Figure 5 illustrates select industries and their expected shift in the human share of work‑task delivery in total firm output between 2025 and 2030, distinguishing between changes driven by automation and those driven by augmentation, based on WEF survey data. The steepest declines in human‑only task share are concentrated in office‑based sectors. In professional and business services, for example, employers estimate that the human-only task share will drop from roughly one‑half today to about one‑third by 2030, with approximately two‑thirds of that decline attributable to outright automation rather than augmentation. We incorporate this sector‑level exposure to automation and augmentation into our broader model of AI’s impact on employment and office demand, discussed later in this paper.

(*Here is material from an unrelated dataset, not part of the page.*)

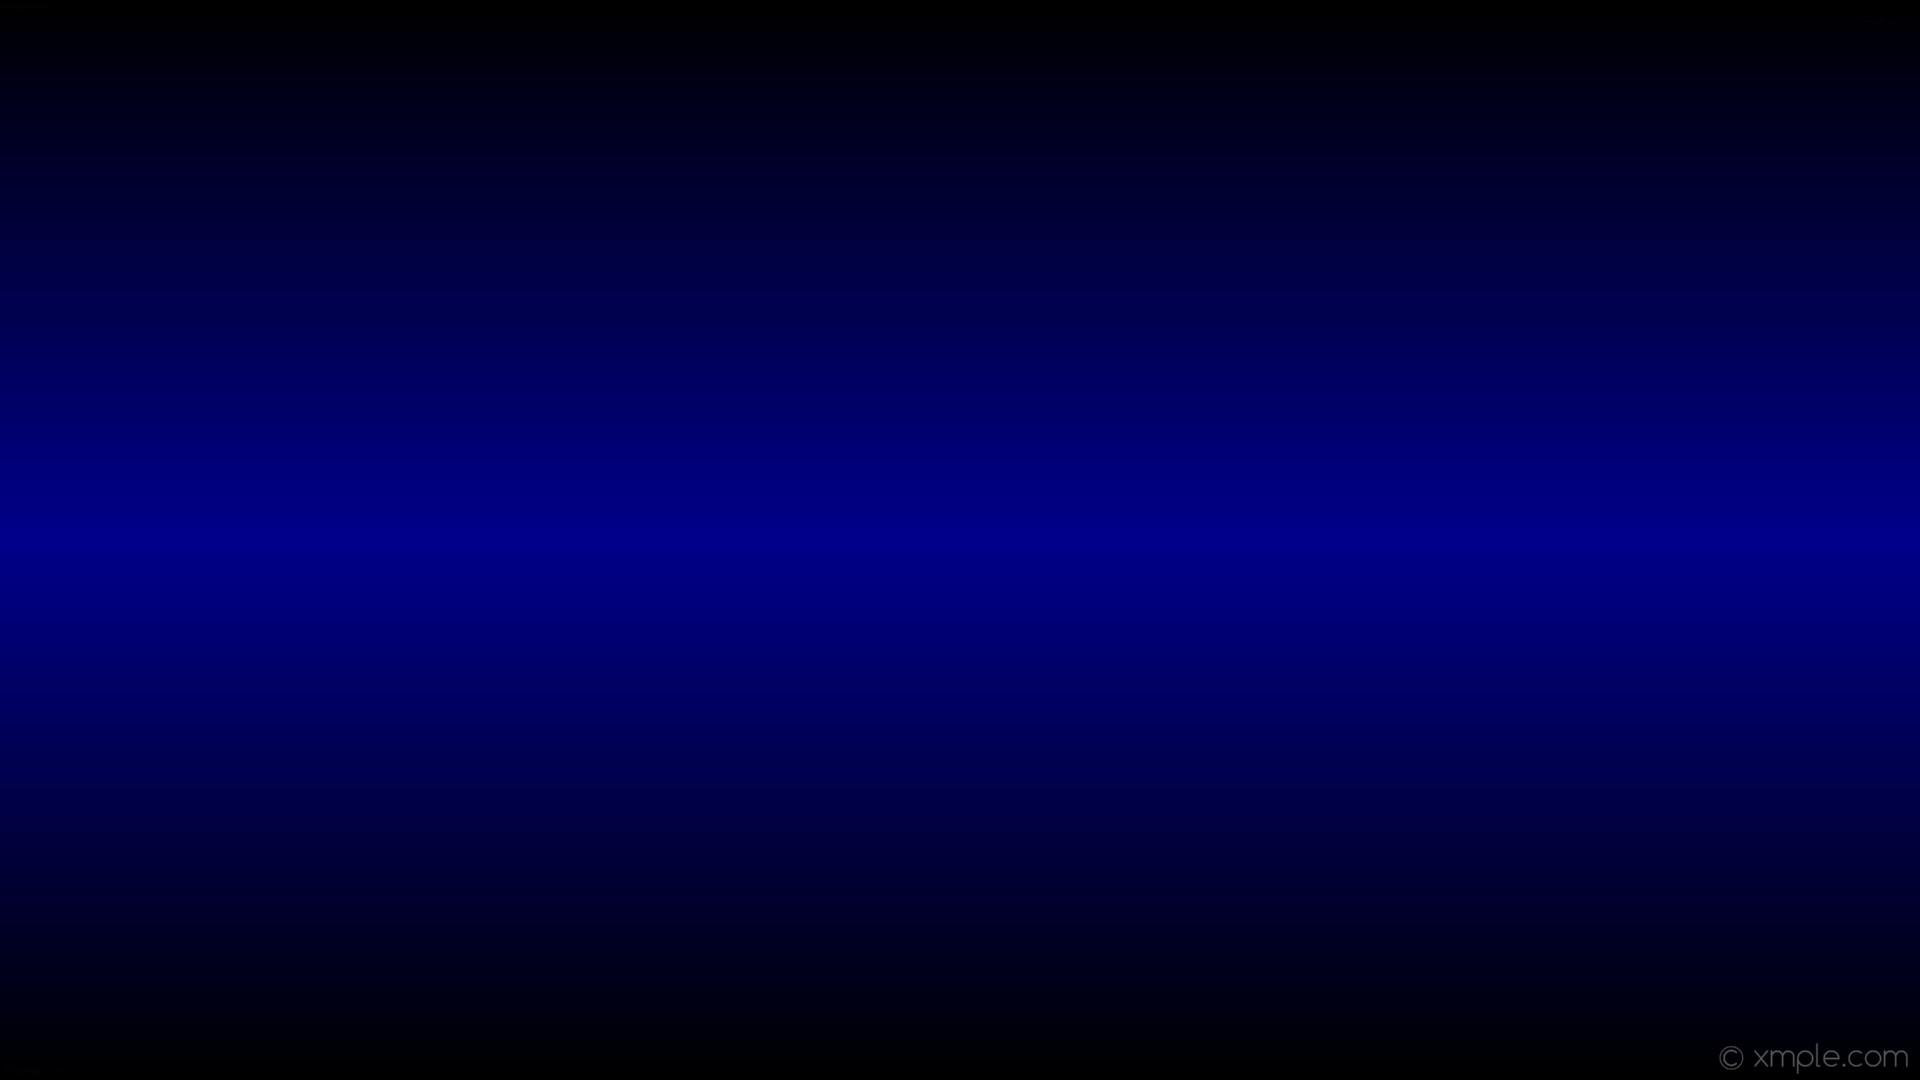 1920x1200 Plain Blue Wallpaper Group 1366A 768 37 Wallpapers

Because AI exposure is highest among office-using occupations, and office demand depends on the growth of those jobs, the office sector faces the greatest exposure risk among commercial real estate property types. As AI adoption accelerates, slower job growth in office-using industries could further weigh down future demand for office space. In 2024, Oxford Economics reached the same conclusion, as seen in Figure 6.  

AI has become a defining theme in how companies describe and strategize around their workforces, yet its effects are hard to discern in labor market data. To gauge what’s happening now, we first examine how employers are framing AI’s role in job design, skills and workflows, and then compare those narratives with the underlying employment data.

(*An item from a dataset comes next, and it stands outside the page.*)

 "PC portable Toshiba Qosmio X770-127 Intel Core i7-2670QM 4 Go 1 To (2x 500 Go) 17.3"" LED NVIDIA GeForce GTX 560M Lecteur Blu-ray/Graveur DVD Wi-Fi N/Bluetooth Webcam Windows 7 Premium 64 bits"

What Employers Are Saying 

Several prominent employers—including Amazon, Walmart, Salesforce, Block, and CrowdStrike—have referenced AI-enabled efficiency gains in public statements related to recent layoffs. Analysts caution against interpreting these disclosures as evidence of AI-driven job displacement, noting that workforce reductions are often influenced by broader factors such as overhiring, slowing demand or margin pressures. To the broader public, however, this framing may lead many to overestimate AI’s immediate labor‑market impact.

The Federal Reserve’s January 2026 Beige Book tempers the narrative of an AI-driven hiring collapse. Multiple contacts across districts reported exploring AI primarily for productivity enhancement and potential future workforce management. They noted incremental productivity gains to date and limited near-term effects on headcount, with more meaningful changes expected over the coming years. Marketing, call center and coding roles were cited as at‑risk, although often in offshore locations, and some firms indicated that modest AI adoption allows them to avoid refilling positions, leaving vacancies unfilled through natural attrition.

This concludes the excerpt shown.